AVQ&AWelcome back to AVQ&A, where we throw out a question for discussion among the staff and readers. Consider this a prompt to compare notes on your interface with pop culture, to reveal your embarrassing tastes and experiences.  

This week’s question came out of our weekly staff meeting, looking ahead to July 4th: “What part of pop-culture makes you proudest to be an American?”

Donna Bowman
My heart swells with patriotic pride—retroactive and historical patriotic pride, in any case—when I read Little Orphan Annie. The comic strip is one of the great American contributions to culture, and there’s no more American strip than Annie. As collected in IDW Publishing’s indulgent volumes, the strip reveals Harold Gray’s wonderfully conflicted yet deeply felt version of a distinctly American ethos.
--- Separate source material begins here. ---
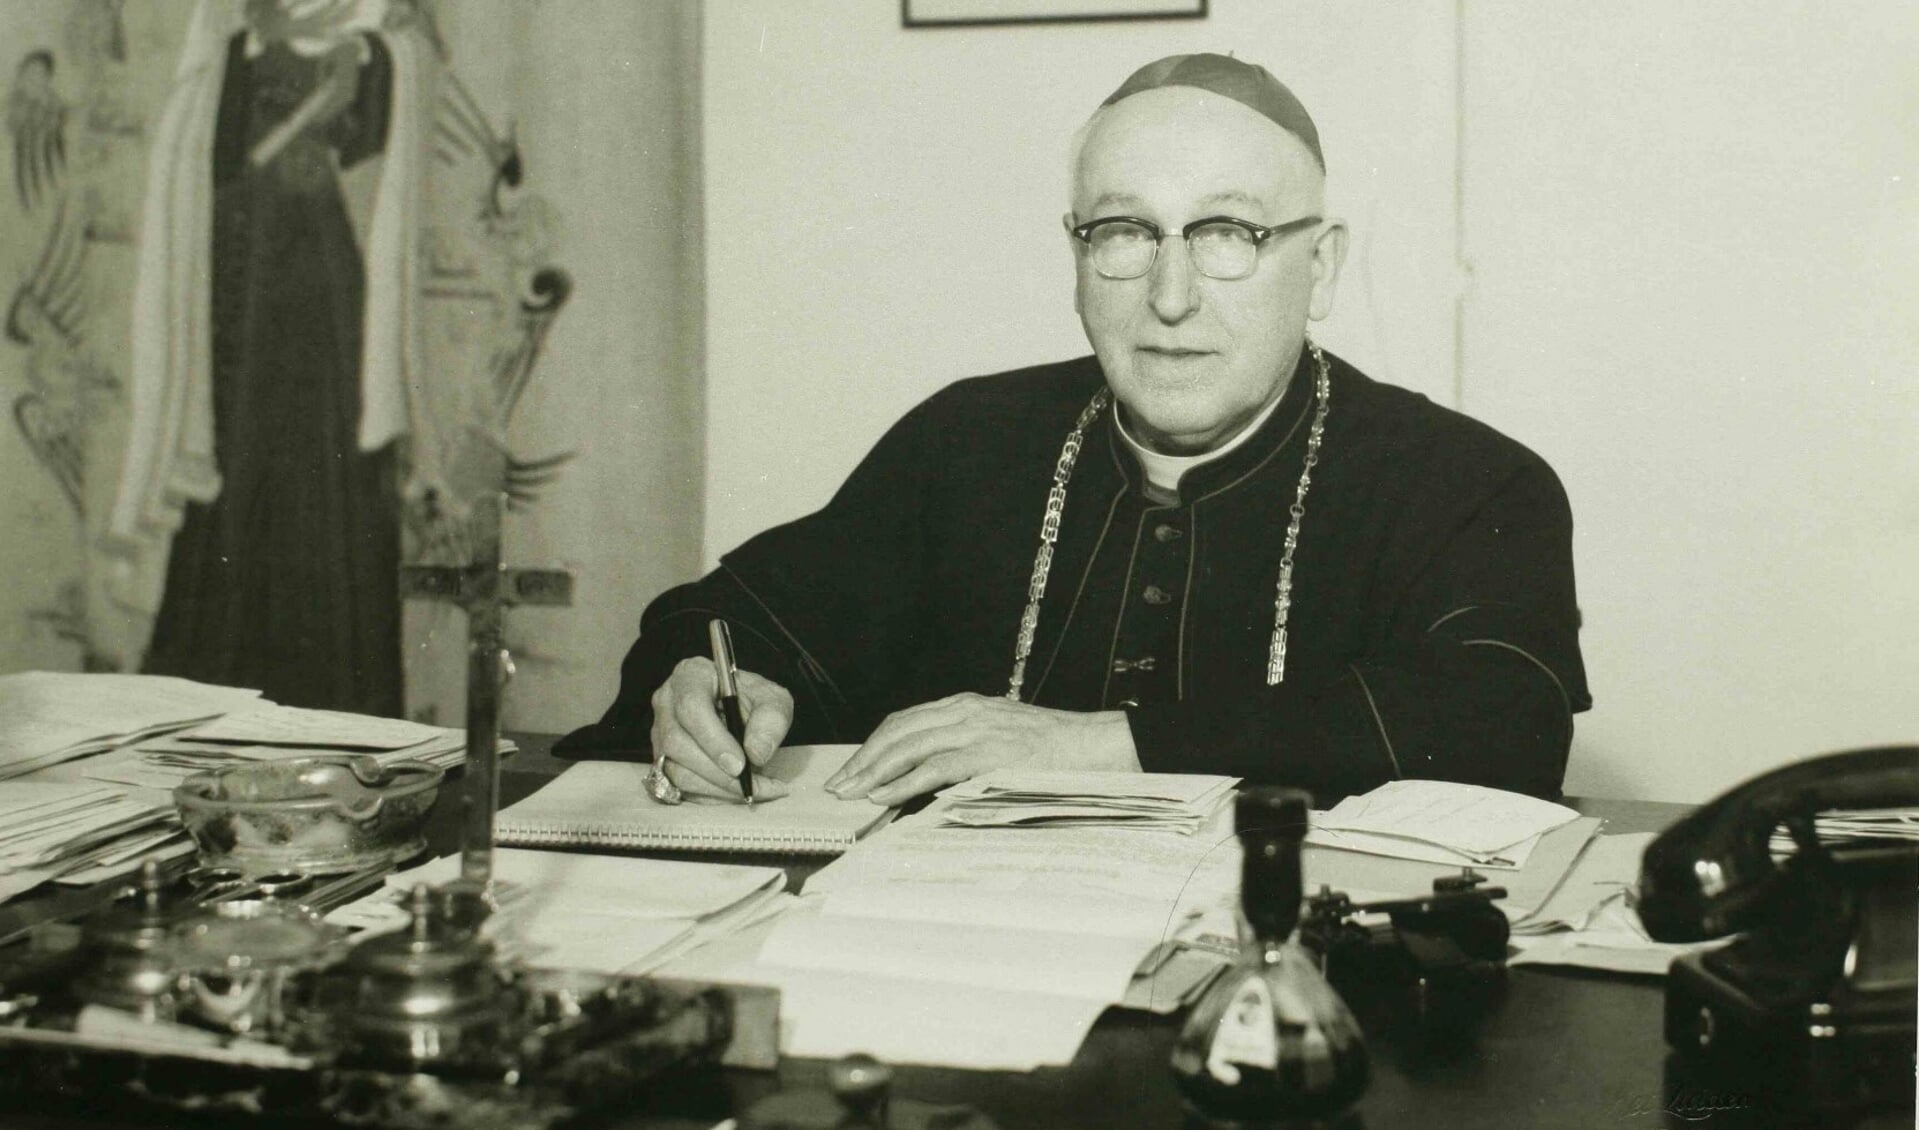 Wilhelmus Mutsaerts was als bisschop na de oorlog verantwoordelijk voor het herstel van kerken.

Many poor people think all rich people are bad, but that isn’t true; some—even those who got rich off the war—are dedicated to justice. Many rich people think all poor people are bad, but that isn’t true; some—even orphans who’ve had to make their way through the world with fists and street-smarts—want to do what’s right more than they want to get ahead. Gray interrupts Annie’s Depression-era adventures with Daddy Warbucks’ rants against progressive taxation, tariffs, and regulation, the constant bogeymen of American conservatism, but in the mouths of his characters, they come off as charming attempts to find a middle way between celebrating individual initiative and keeping a lid on hereditary privilege. And then there’s Annie, a feminist icon in disguise, the kind of can-do girl who brings home the bacon and fries it up in a pan, probably for some immigrant family that isn’t getting a fair shake and needs a little help locating its bootstraps. I can’t think of a better time capsule for the peculiarly American conversation about free enterprise and personal moral responsibility—nor a more entertaining one.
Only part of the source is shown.